2. Signature on this Notice of Guaranteed Delivery; Guarantee of Signatures. If this Notice of Guaranteed Delivery is signed by the Holder(s) referred to herein, then the signature must correspond with the name(s) as written on the face of the Initial Notes without alteration, enlargement or any change whatsoever. If this Notice of Guaranteed Delivery is signed by a person other than the Holder(s) listed, this Notice of Guaranteed Delivery must be accompanied by a properly completed bond power signed as the name of the Holder(s) appear(s) on the face of the Initial Notes without alteration, enlargement or any change whatsoever. If this Notice of Guaranteed Delivery is signed by a trustee, executor, administrator, guardian, attorney-in-fact, officer of a corporation or other person acting in a fiduciary or representative capacity, such person should so indicate when signing, and, unless waived by the Issuers, evidence satisfactory to the Issuers of their authority so to act must be submitted with this Notice of Guaranteed Delivery.

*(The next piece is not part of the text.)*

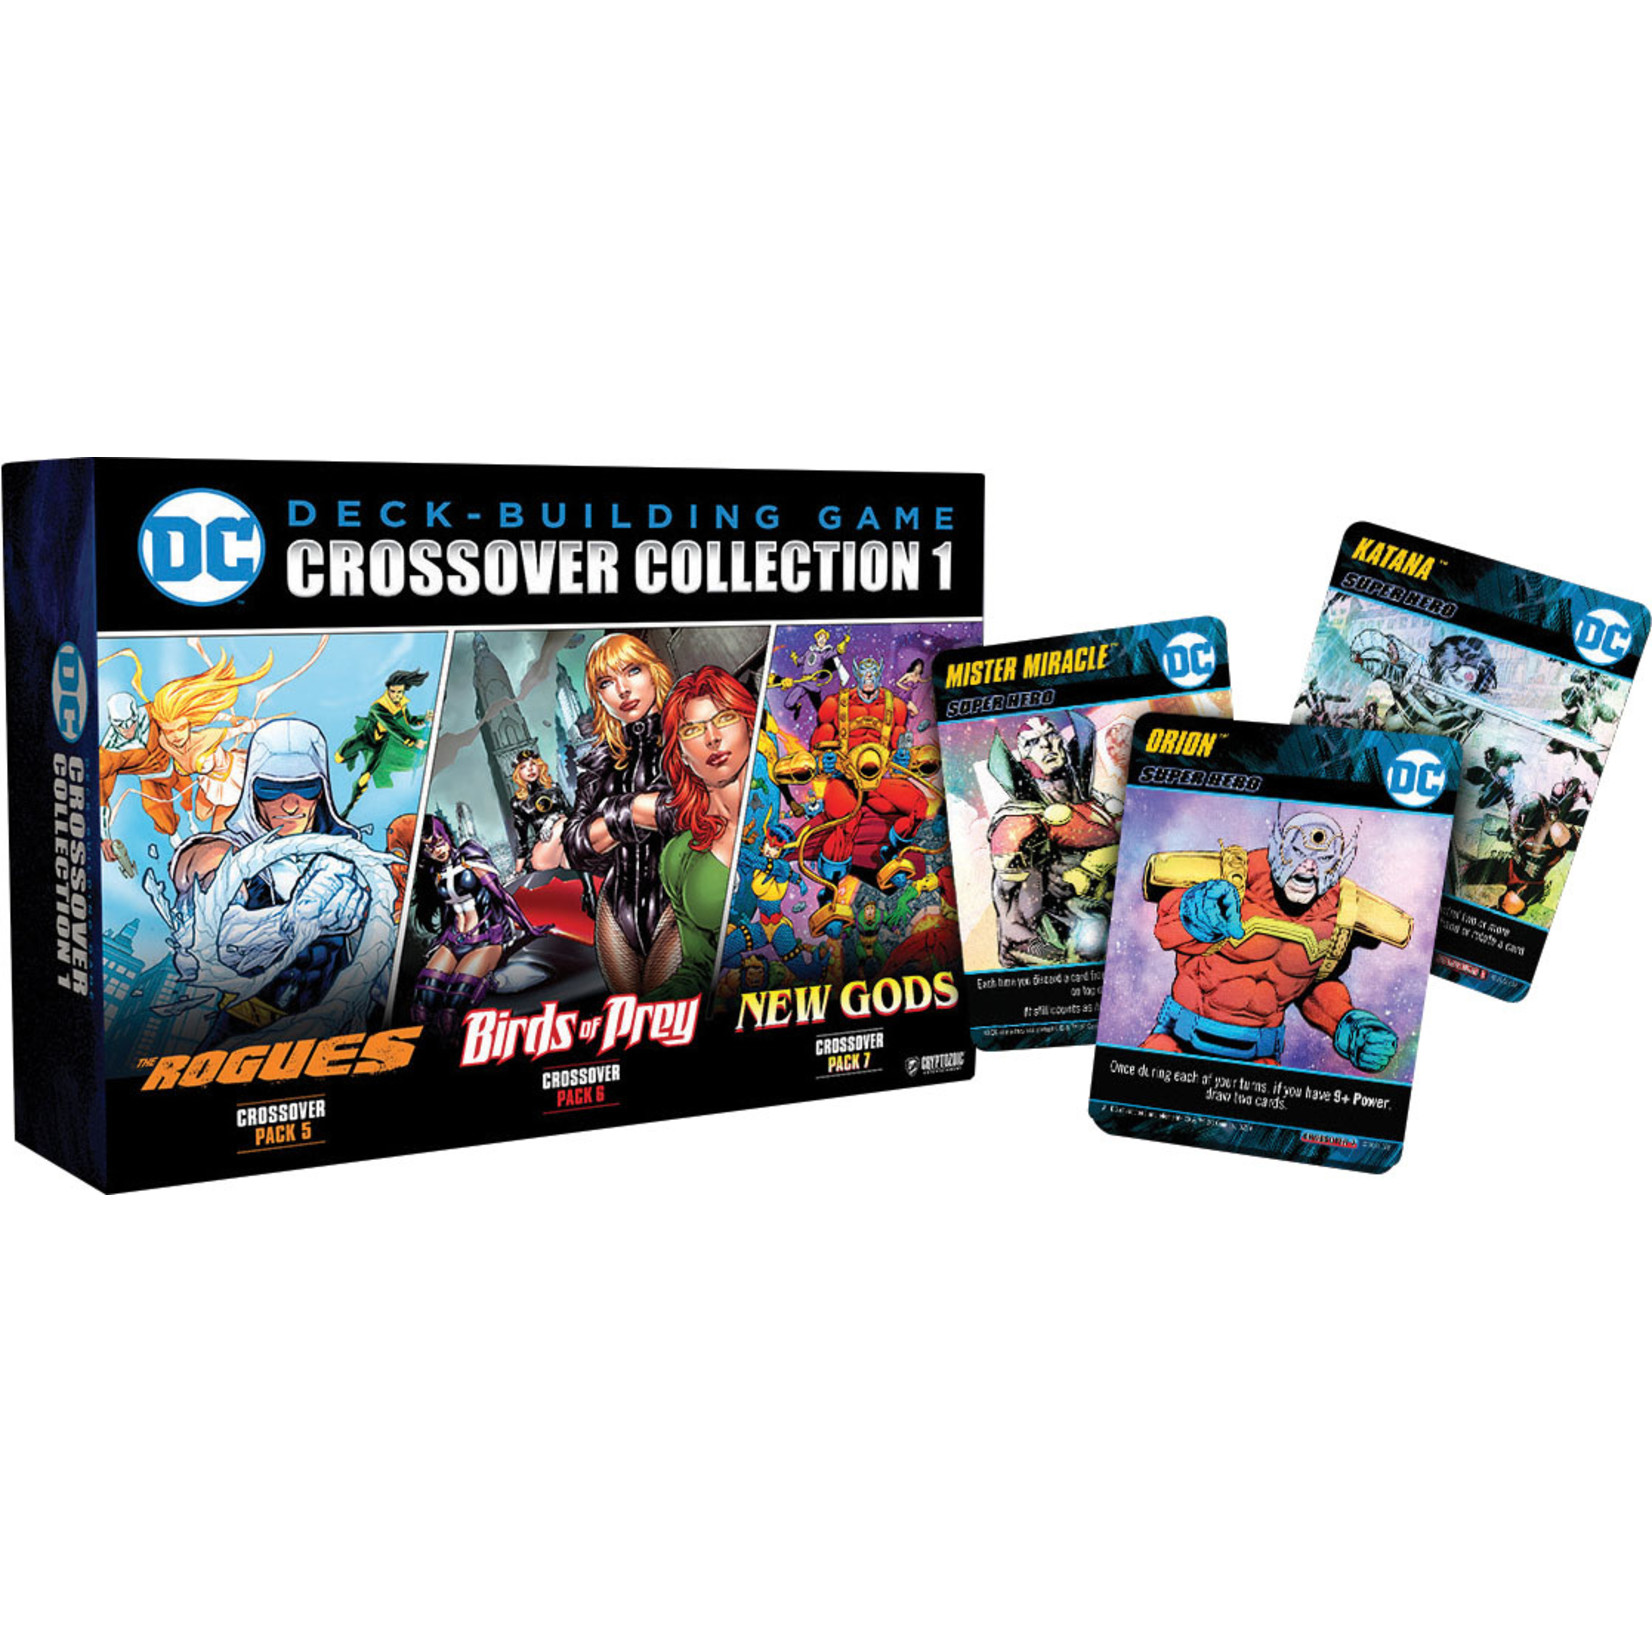 Cryptozoic Entertainment DC Comics DBG Crossover Collection 1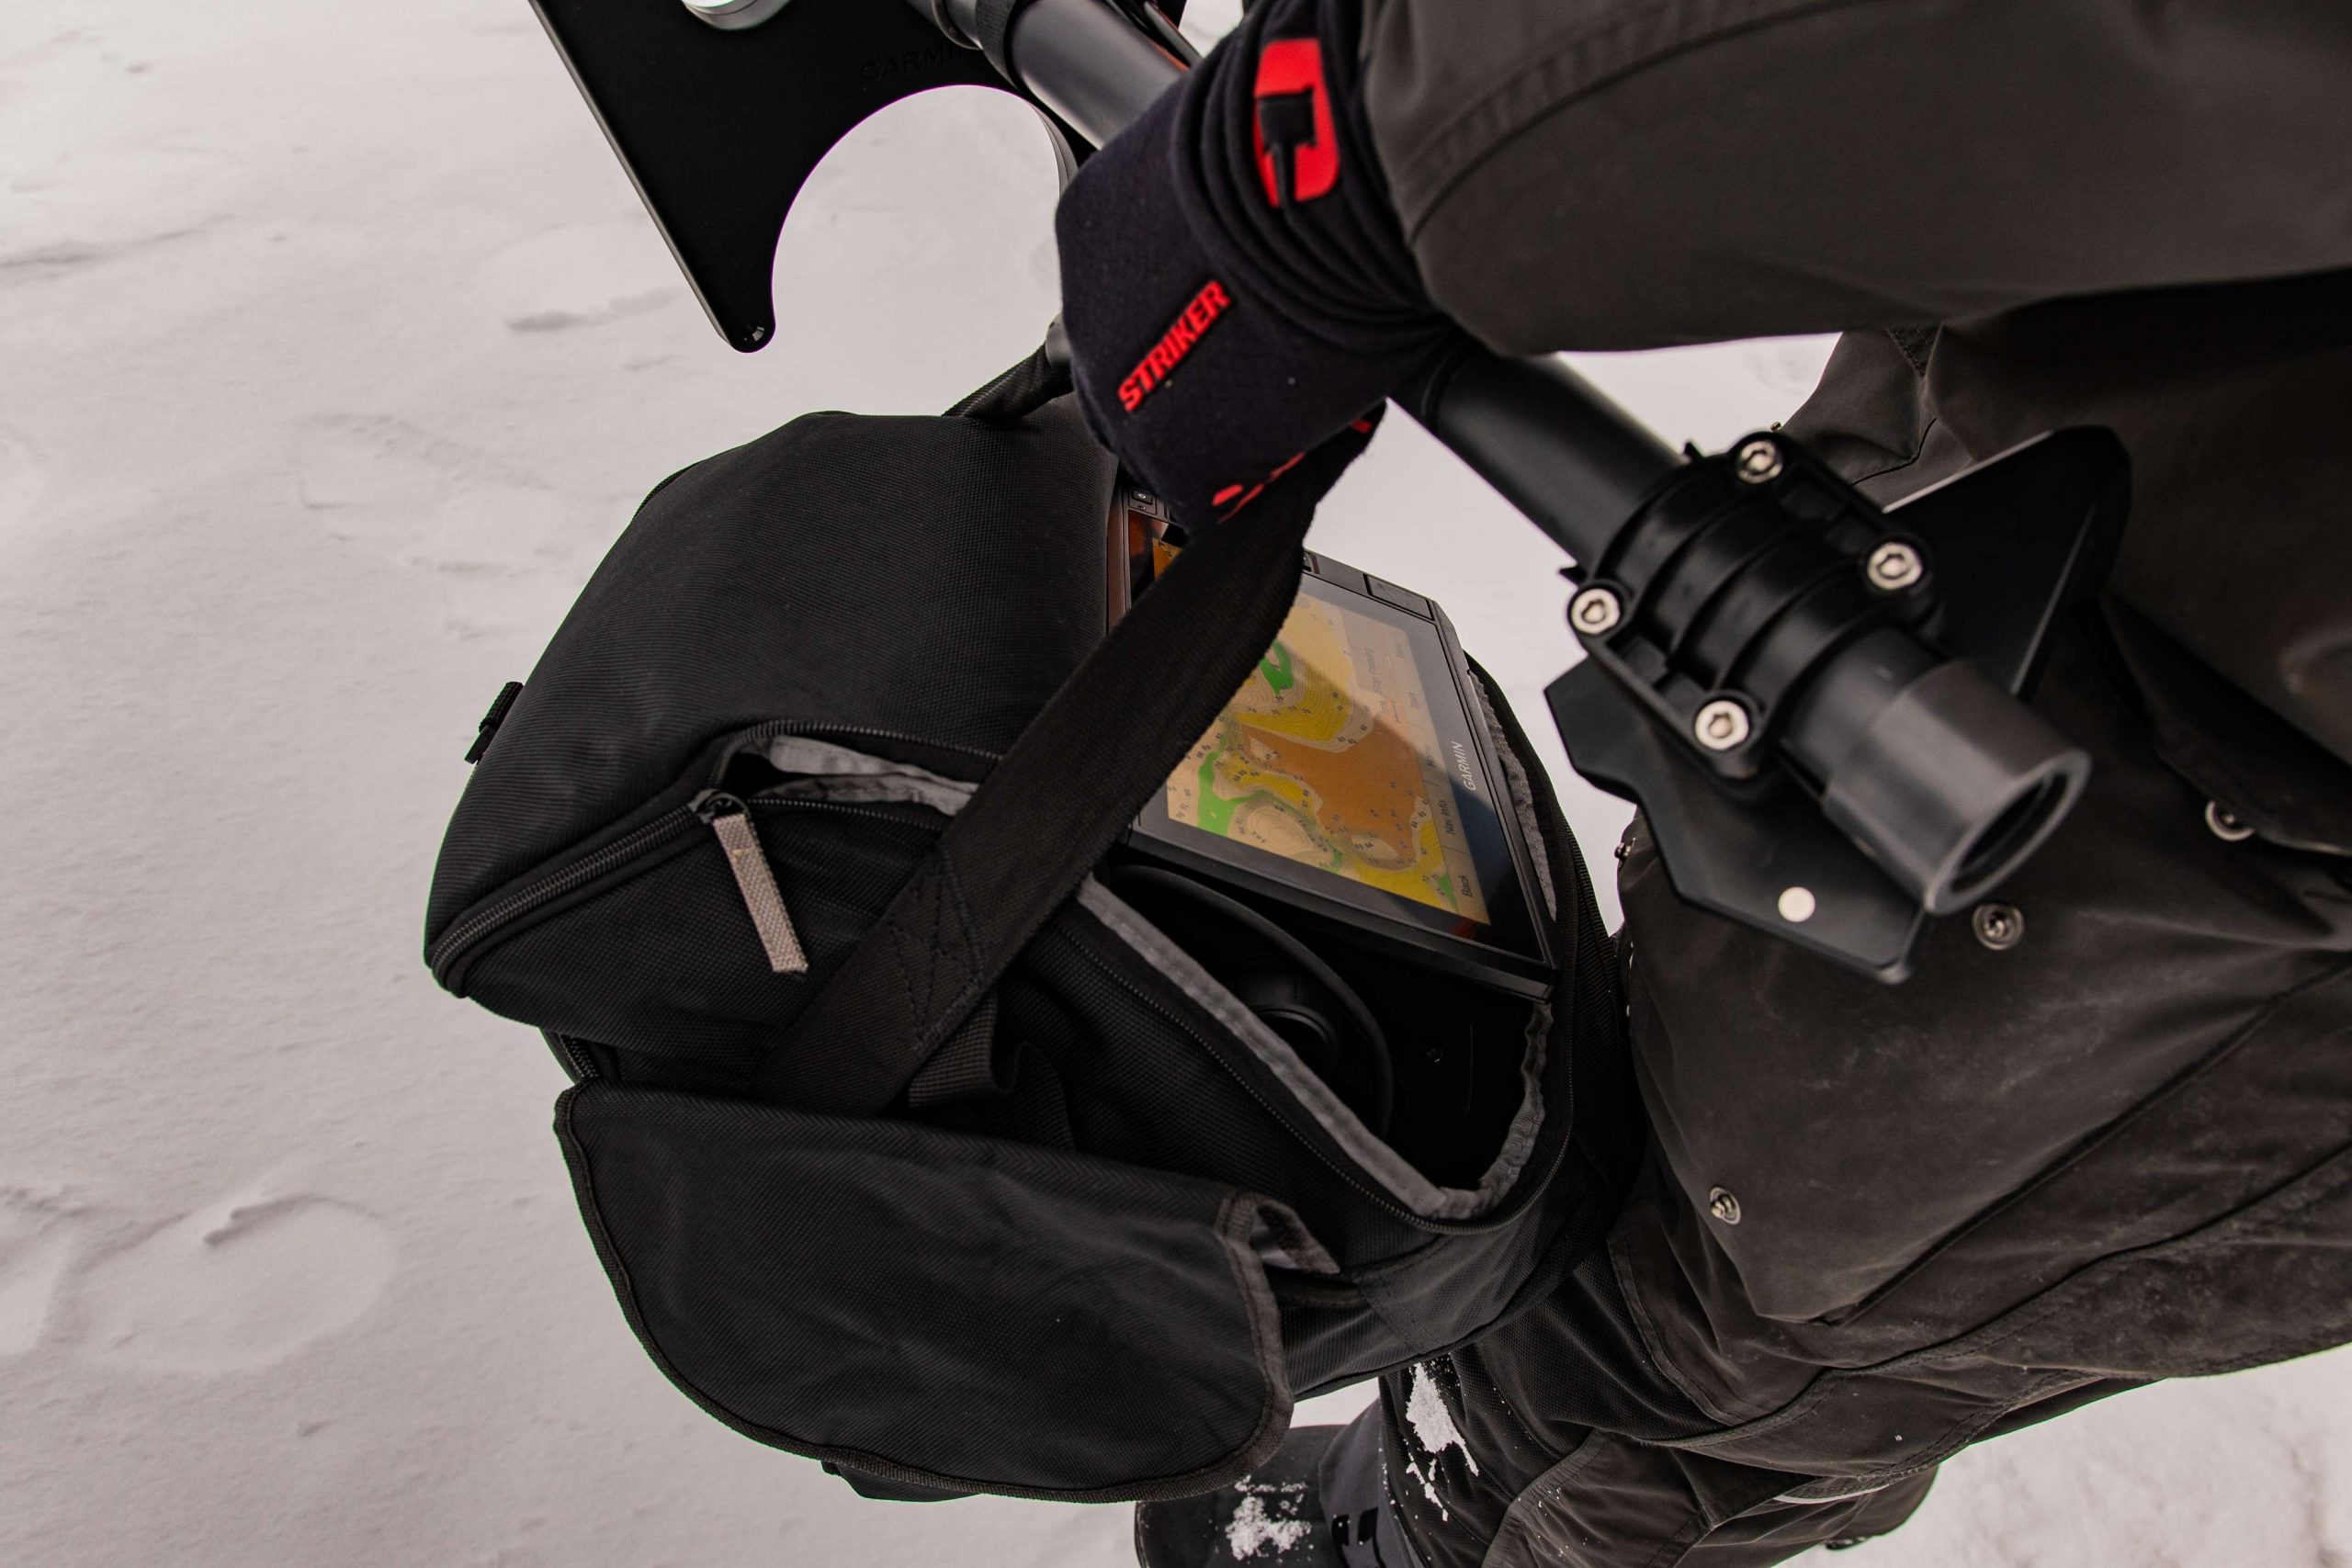 Mueller pulls all his gear in an Otter Ice Sled with a Hyfax Runner Kit, but when he gets to an area he likes, he grabs everything he needs to move around and look for fish all while staring at his Garmin map.

3. Requests for Assistance or Additional Copies. Questions relating to the Exchange Offer or the procedure for consenting and tendering as well as requests for assistance or for additional copies of the Prospectus, the Letter of Transmittal and this Notice of Guaranteed Delivery, may be directed to the Exchange Agent at the address set forth on the cover hereof or to your broker, dealer, commercial bank or trust company.